Exercise directions |
Write out exactly, and only, the lines below from the line with "An elderly woman" through the line with "Patterns and Historic"; pictures do not belong in the copy.

Extracted information |
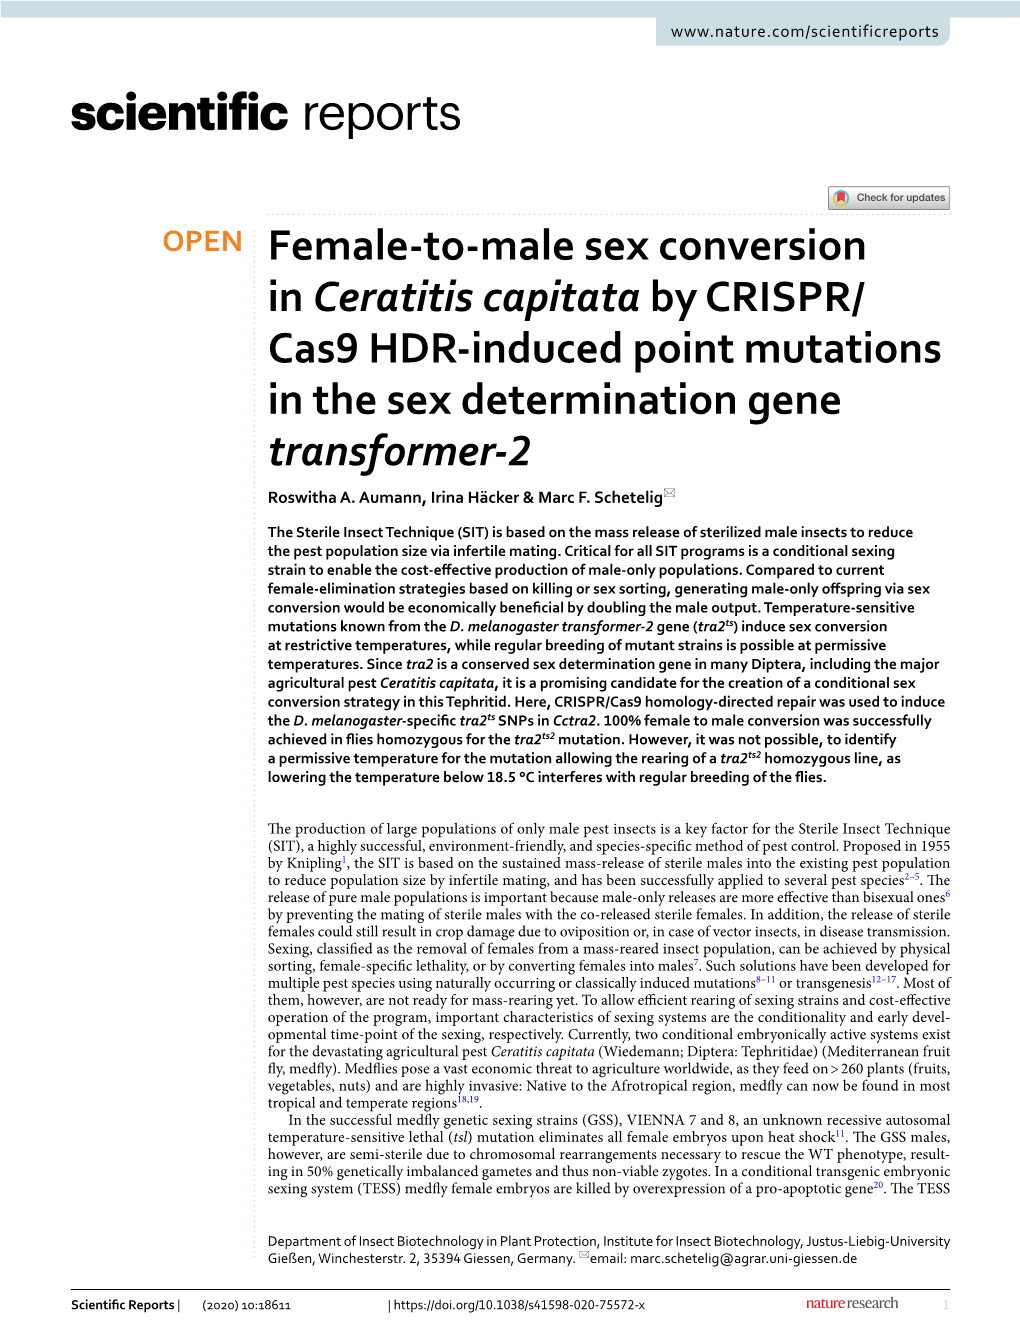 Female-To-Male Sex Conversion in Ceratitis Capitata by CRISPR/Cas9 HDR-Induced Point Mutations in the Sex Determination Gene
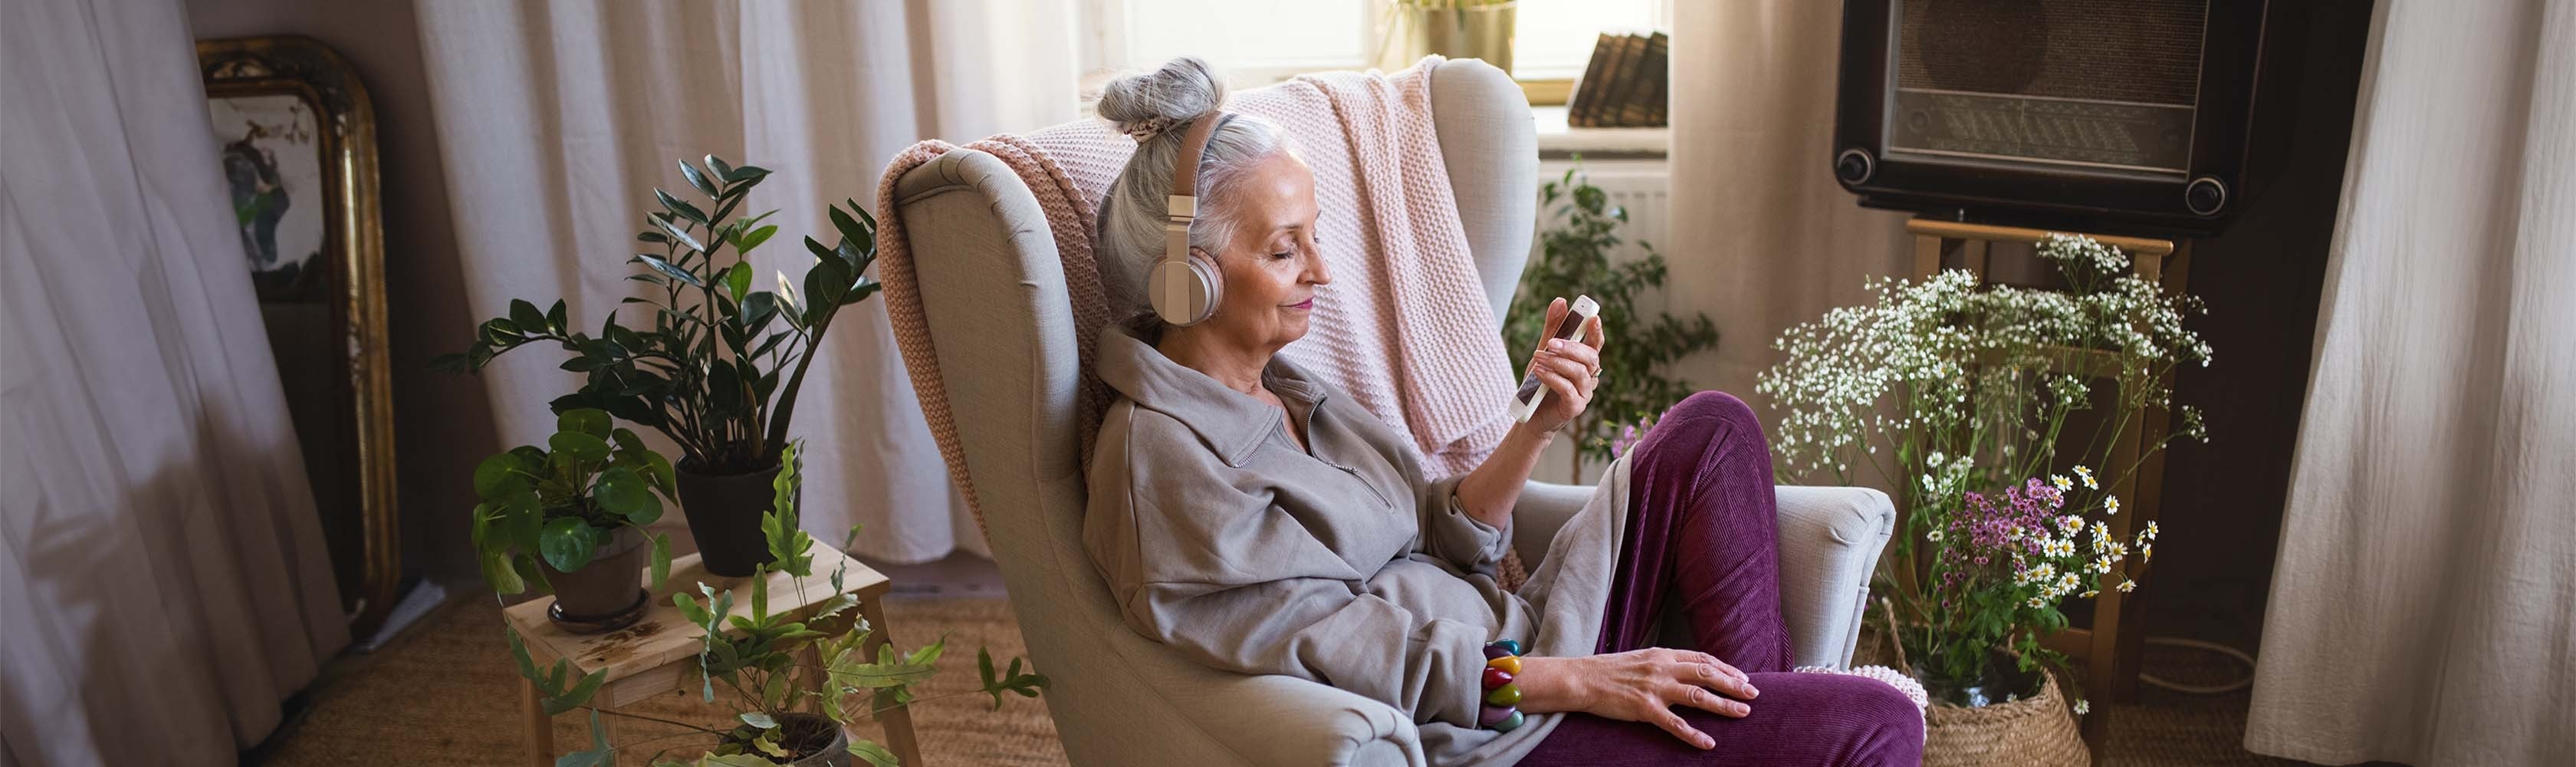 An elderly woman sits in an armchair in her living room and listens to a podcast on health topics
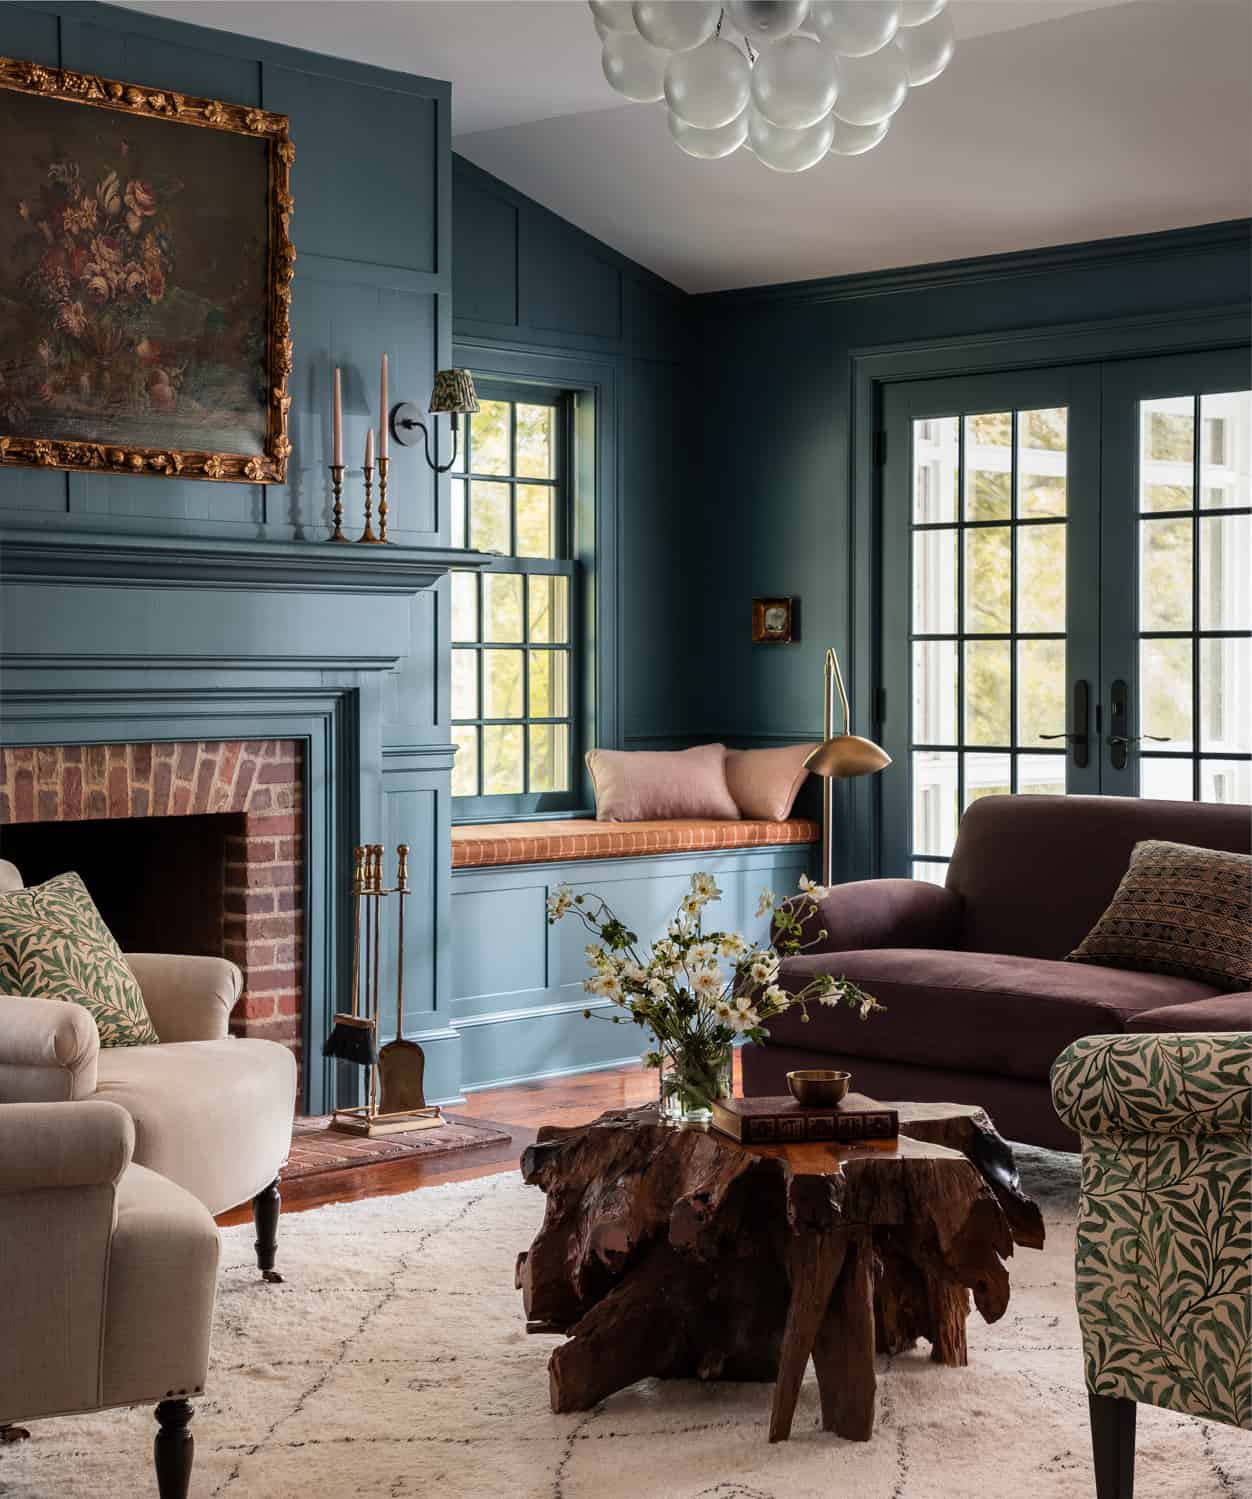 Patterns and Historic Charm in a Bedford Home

* * *

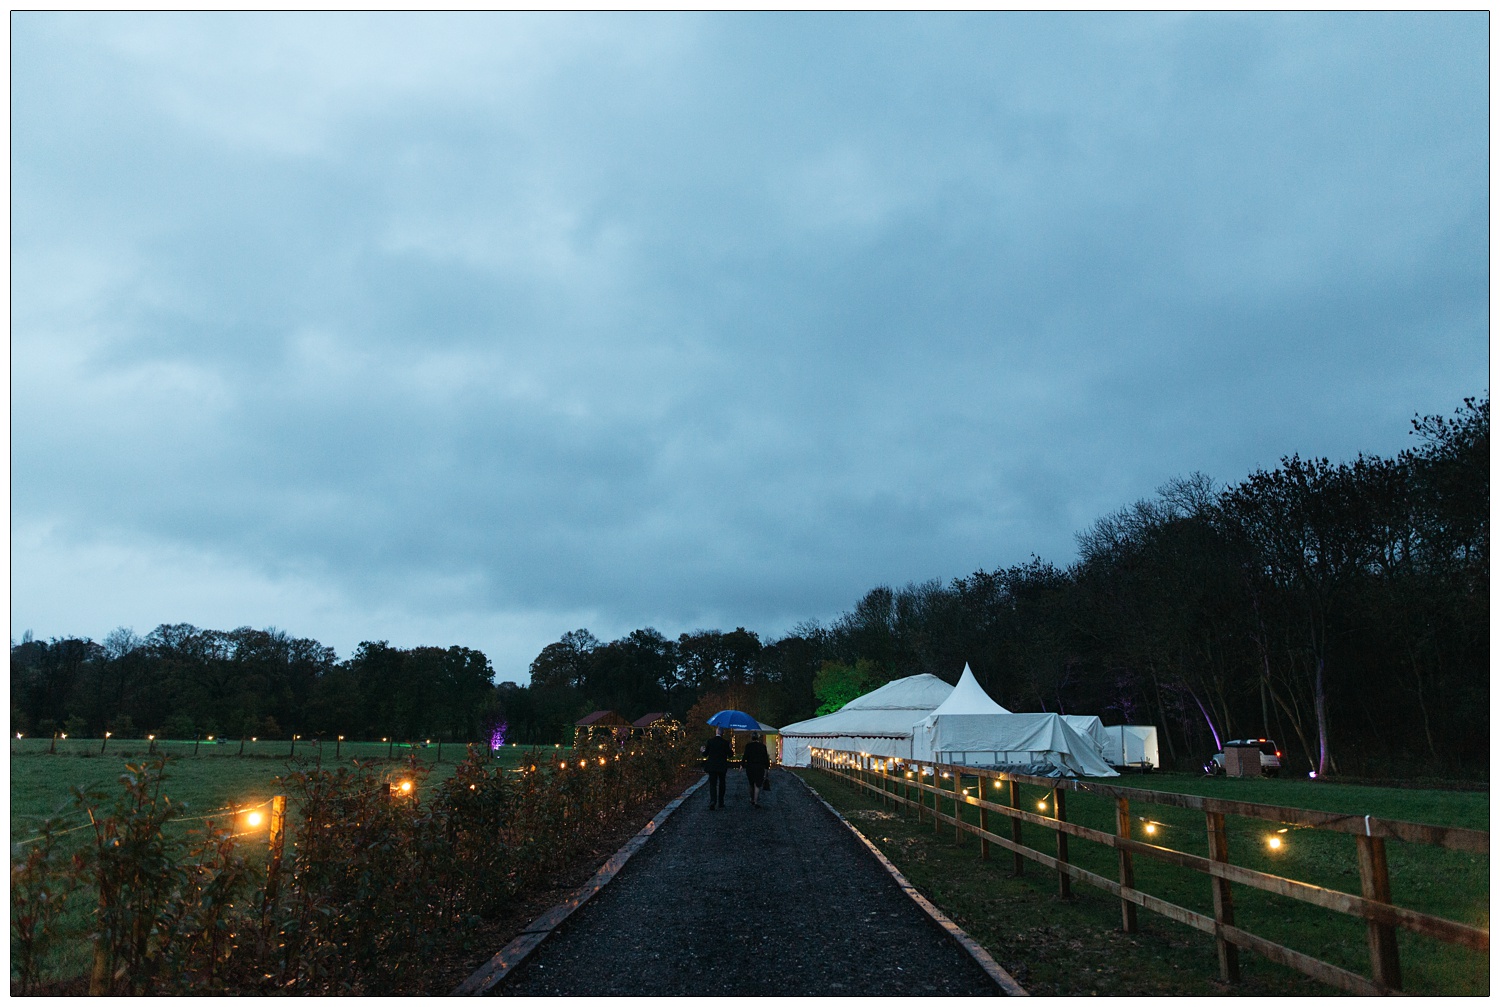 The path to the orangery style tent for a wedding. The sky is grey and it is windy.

* * *

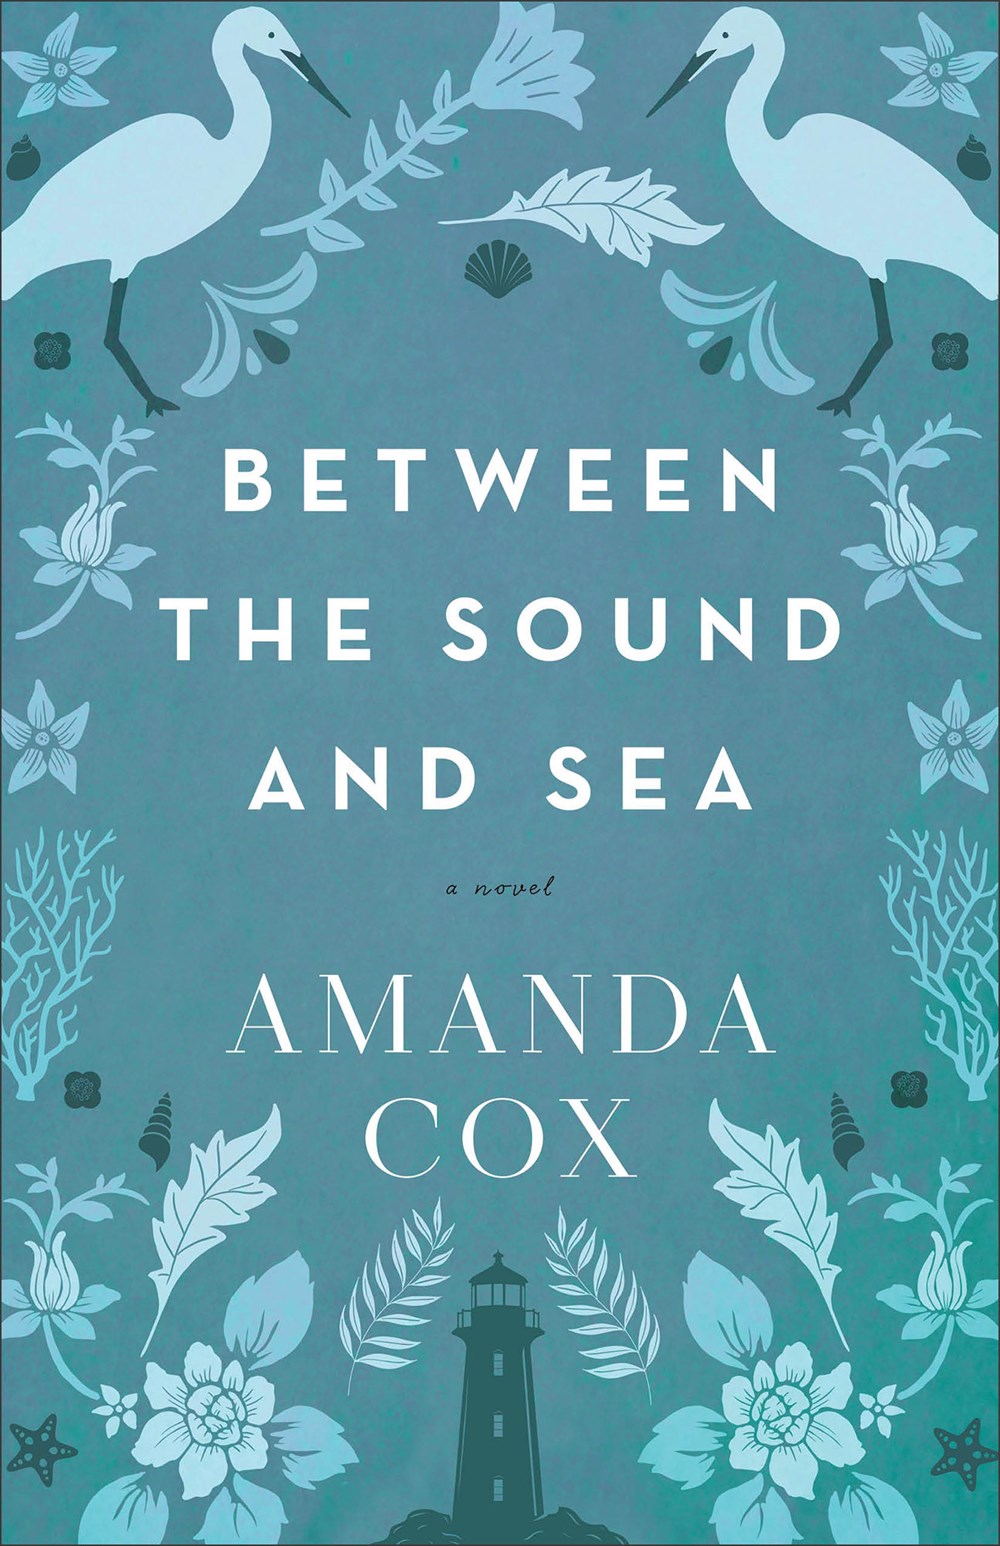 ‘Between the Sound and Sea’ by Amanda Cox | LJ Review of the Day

Response to the exercise |
 An elderly woman sits in an armchair in her living room and listens to a podcast on health topics
 Patterns and Historic Charm in a Bedford Home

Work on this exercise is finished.